Post by Fender on Apr 16, 2008 5:14:49 GMT -5
"Beyond any reasonable doubt"
13 April 2008
William Montgomery
It is hard to know just where to begin when writing about the acquittal of Ramush Haradinaj on 37 counts of war crimes. On so many levels and for so many reasons, the whole process has been a travesty of justice and a stain on the International Criminal Tribunal for the former Yugoslavia.
Kosovo Albanians celebrate the Haradinaj ruling (FoNet)
The direct result of the verdict is to widen, not narrow, the gulf, which exists between the two major ethnic groups involved. It also reinforces once again the bitterness, which the Serbs feel about the Kosovo process and their treatment by the Western International Community.
To begin at the beginning, the primary reason why Carla del Ponte ordered her investigators to come up with indictments against the KLA in the first place was to respond to Serbian objections that ICTY discriminated against them and did not treat crimes in which they were the victims with equal concern. It was part of her effort to secure Serbian support for the transfer of Serbian indictees such as Mladiæ and Karadžiæ to The Hague.
Her prosecutors warned from the beginning that reaching the level of proof needed for a conviction in this case was going to be extremely difficult. Not because of any lack of effort on their part, but due to the difficulty of proving responsibility "beyond any reasonable doubt" in a guerilla warfare situation far different than anywhere else in the former Yugoslavia.
There is a huge difference between what might be conventional belief/certainty about a crime and drawing up a precise indictment upon the incident charging a specific offense to a specific person and then proving it "beyond a reasonable doubt" in a court of law. The Haradinaj case is a classic example of that dichotomy, but both the U.S. and European legal systems are filled with similar examples.
Reading the 274-page judgment is painful, as the convoluted reasoning by which the judges dismiss one count of murder or torture after another as "not proven beyond a reasonable doubt" seems so often to defy common sense. It will be interesting to see if the Prosecution appeals the judgment. Certainly the judges set an extremely high bar for "beyond reasonable doubt." Many may well say an impossibly high bar for the specific circumstances…

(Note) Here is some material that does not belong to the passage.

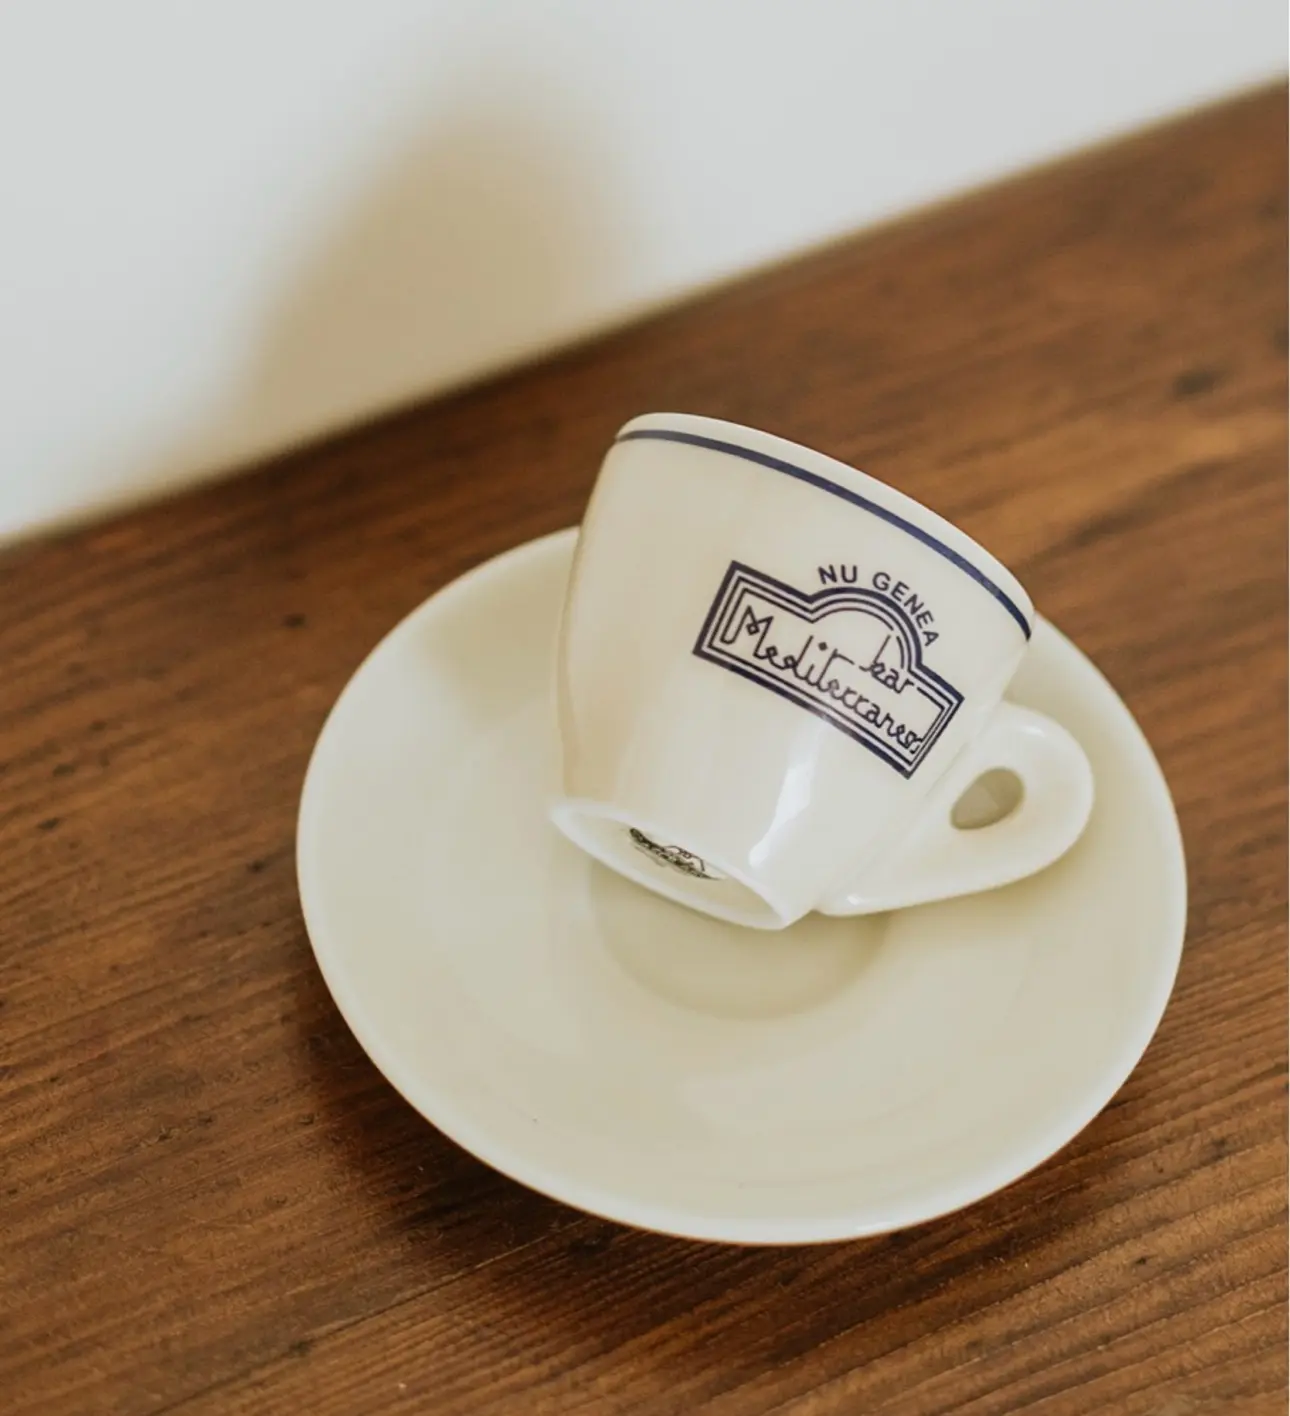 Bar Mediterraneo Porcelain Coffe Cup - Say Yes

The KLA by its very nature was a much more difficult target for investigators than the organized military/police forces of the governments of Croatia, Serbia, Montenegro, and even wartime Bosnia. One of the most important pillars of convictions for ICTY has always been documentary evidence showing orders, chains of command, and reports on activities of military and police units. Because of the very nature of the KLA, there was almost no such documentary evidence.
Communications among units of the KLA were poor, records nonexistent or destroyed, and considerable range of initiative and responsibility was left to individual commanders in different parts of the country. Recruits received only a couple weeks of training. While it was easy to find victims of crimes, it proved very difficult to firmly identify the perpetrators and even harder to prove they received direction from higher elements. Positive witness identifications were usually weak or non-existent. Family members and friends may be absolutely certain (and correct) about who did what to their loved ones, but proving it in a court of law was a very different matter.

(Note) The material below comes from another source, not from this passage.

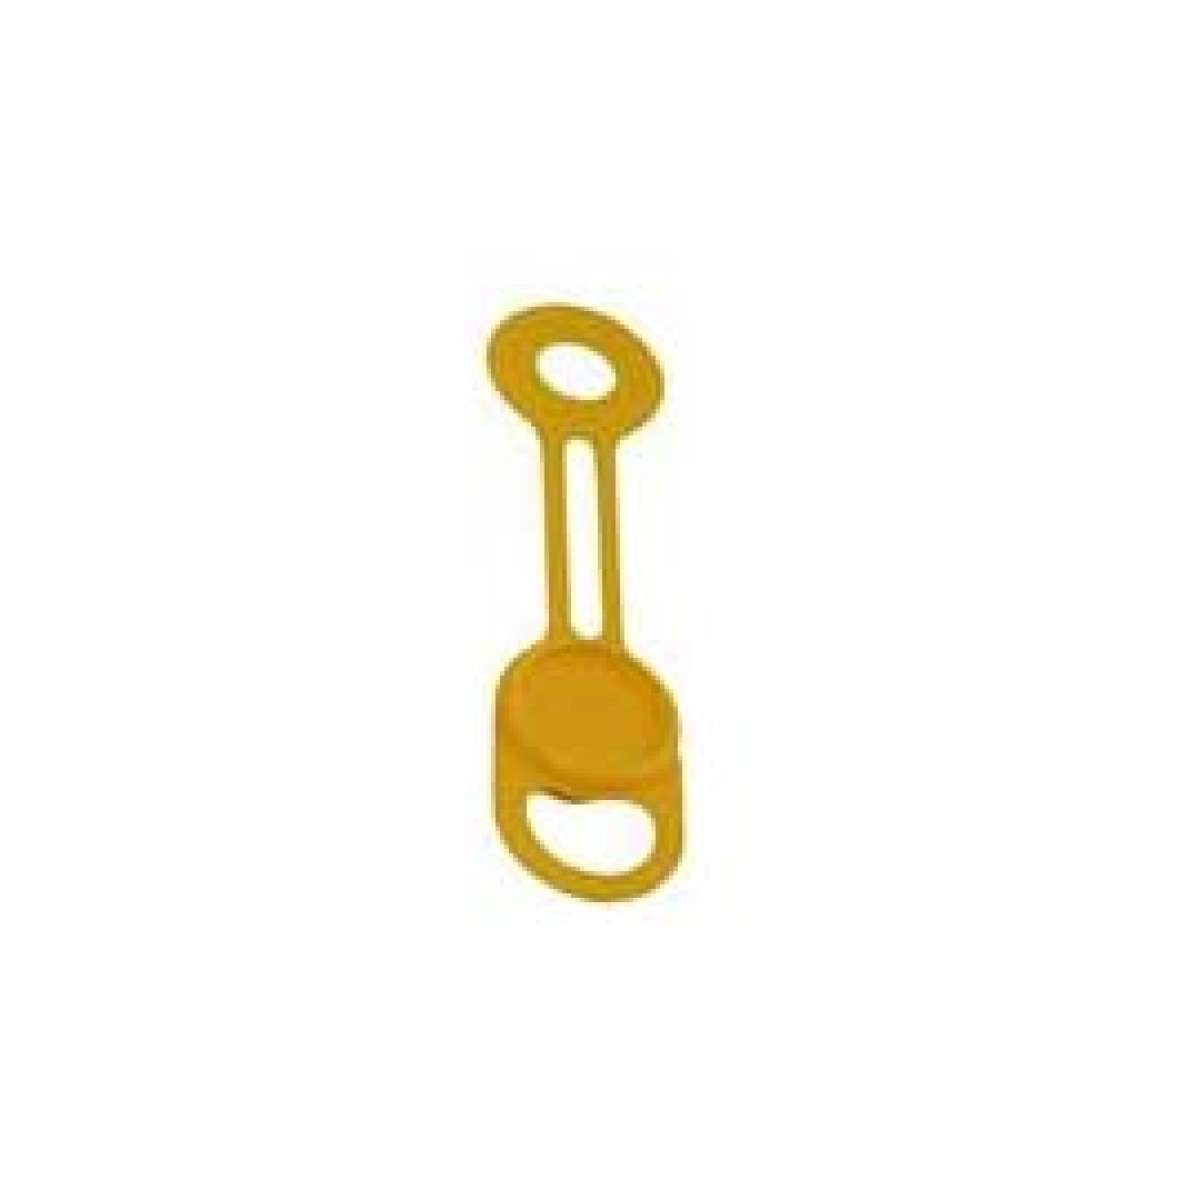 17/32" Grease Fitting Protector (Yellow) - Pack of 100

While all the ethnic groups facing indictments of their members have responded with threats and violence against anyone willing to speak out "against their own," the specific environment of Kosovo, including its size and cultural attitudes, amplified that problem to an extreme level. The prosecution and the judges both expressed officially their frustration at the level of fear of potential witnesses, citing it as higher than in any other trial that ICTY has ever conducted and a major impediment to their work. Many witnesses had to be forced to testify and some refused to do so even threatened with potential imprisonment.
While accounts differ as to how many key witnesses against Haradinaj and his two co-indictees were actually murdered to prevent their testimony, everybody agrees that at least some were. How many other witnesses were dissuaded from testifying fully and honestly is unknown, but obviously very large. Many of the charges in the indictment, which seemed strong and rather clear-cut, had been based on witness testimony, which during the trial itself was conspicuously absent.
Finally, the indictment and potential conviction of the Prime Minister of the Kosovo Provisional Government was politically explosive. During his limited time in office, he had impressed the International Community with his practical approach to problems and willingness (at least from their viewpoint) to reach out to the Kosovo Serbs.
Moreover, the indictment alone could well have set off violent demonstrations all around Kosovo. That it went so smoothly in the end was solely because it had been fully discussed with Haradinaj in advance and he agreed to cooperate. The verdict, whatever it would be, would unquestionably have significant implications for the stability of the region. It went to the very heart of two radically different views of events in Kosovo in 1998-99, that of the Serbs and Kosovo Albanians.
Given all of the above, one would think that the International Community would have bent over backwards by its words and actions to ensure that everything connected with the trial would be perceived by all parties to be handled with the highest possible standards of credibility. But in a triumph of myopic vision over logic, exactly the opposite happened.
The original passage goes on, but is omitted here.